{ Stacy Kranitz: representation in an exploited place }

March 11, 2014 § 2 Comments

Do you come from a place that outsiders get wrong? That’s probably everywhere, right? I know for here, people drive through Missouri on I-70 and just see corn fields, or they know about the Ozarks and think it’s only populated with slow, happy hillbillies. However, I don’t think many people know what to think of the Midwest, or even if they ever do {evidence}. That’s quite different from Appalachia, which invokes broad images of poverty and pretty mountains with pretty much anyone you talk to. I started thinking about this when I came upon the art of Stacy Kranitz a few days ago.

From "Chasing Meth in Laurel County, Kentucky" | Mother Jones

From “Chasing Meth in Laurel County, Kentucky” | Mother Jones

“It became evident that Appalachia was a place where representation had long been vexed,” Kranitz told Mother Jones in a Q&A about her photo essay on meth. In the series, “As It Was Given to Me,” her Appalachia photos trail through the expected foggy mountainscapes and scenes poolgoers draped in American flag towels to the surprising, like portraits of gold-bedazzled men grabbing each others’ thighs and a woman standing between a Native American flag and KKK statue.

To introduce the series, Kranitz writes:

I am initially drawn to stereotypes. Then I look to demystify these stereotypes only to find that they are rooted in some sort of reality.
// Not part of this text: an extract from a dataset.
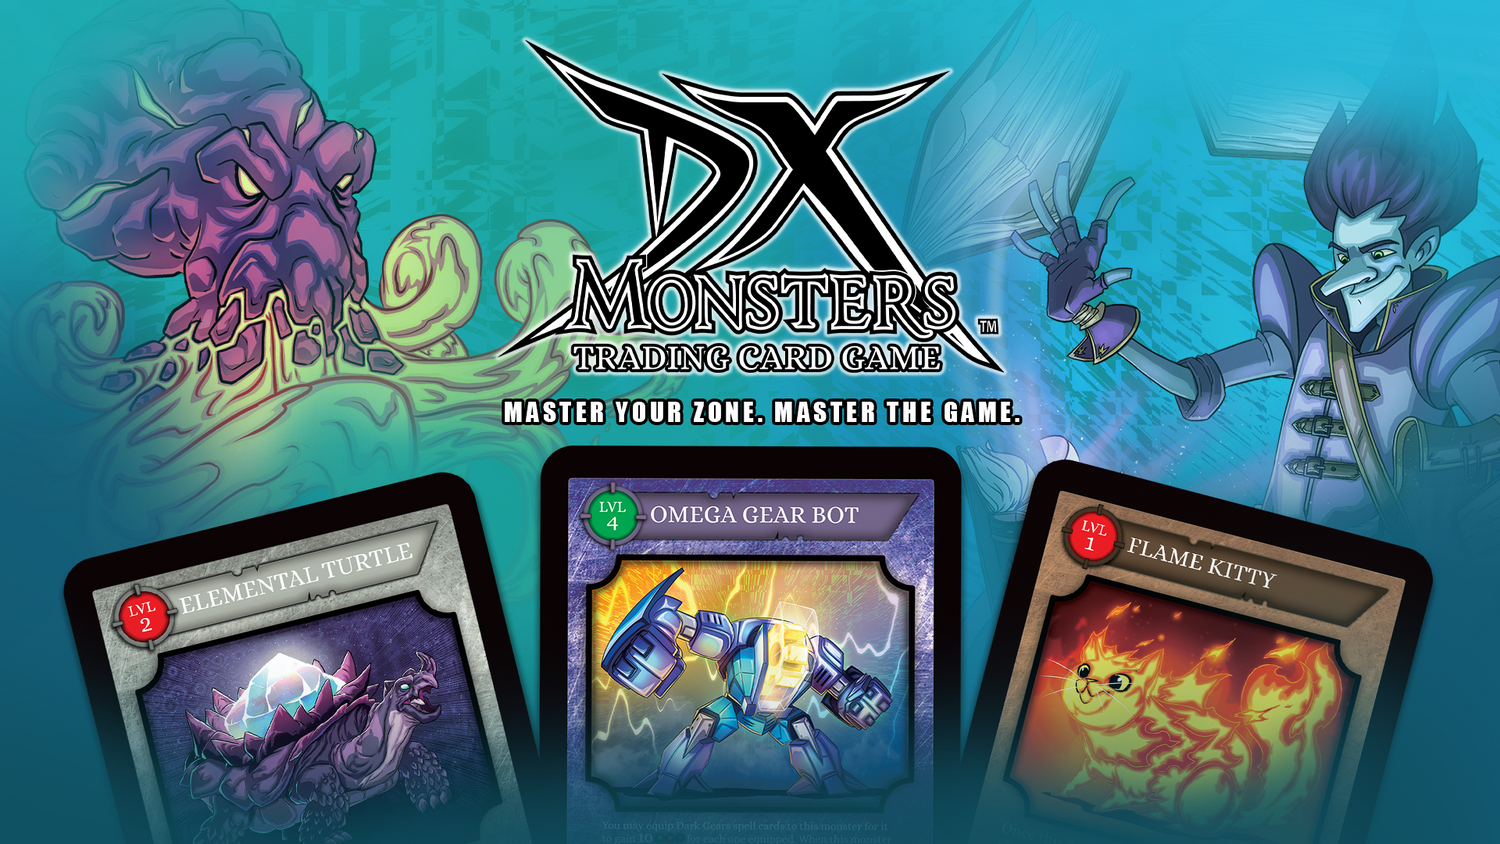 dx monsters trading card game

I do not (cannot) exclude the stereotypical image from my representations.

The resulting images are interwoven with both typical and atypical lives captured through controlled and chance operations in the central Appalachian region of America. Ultimately the photographs highlight the flaws of representation in a place with an extensive history of exploitative othering by outsiders.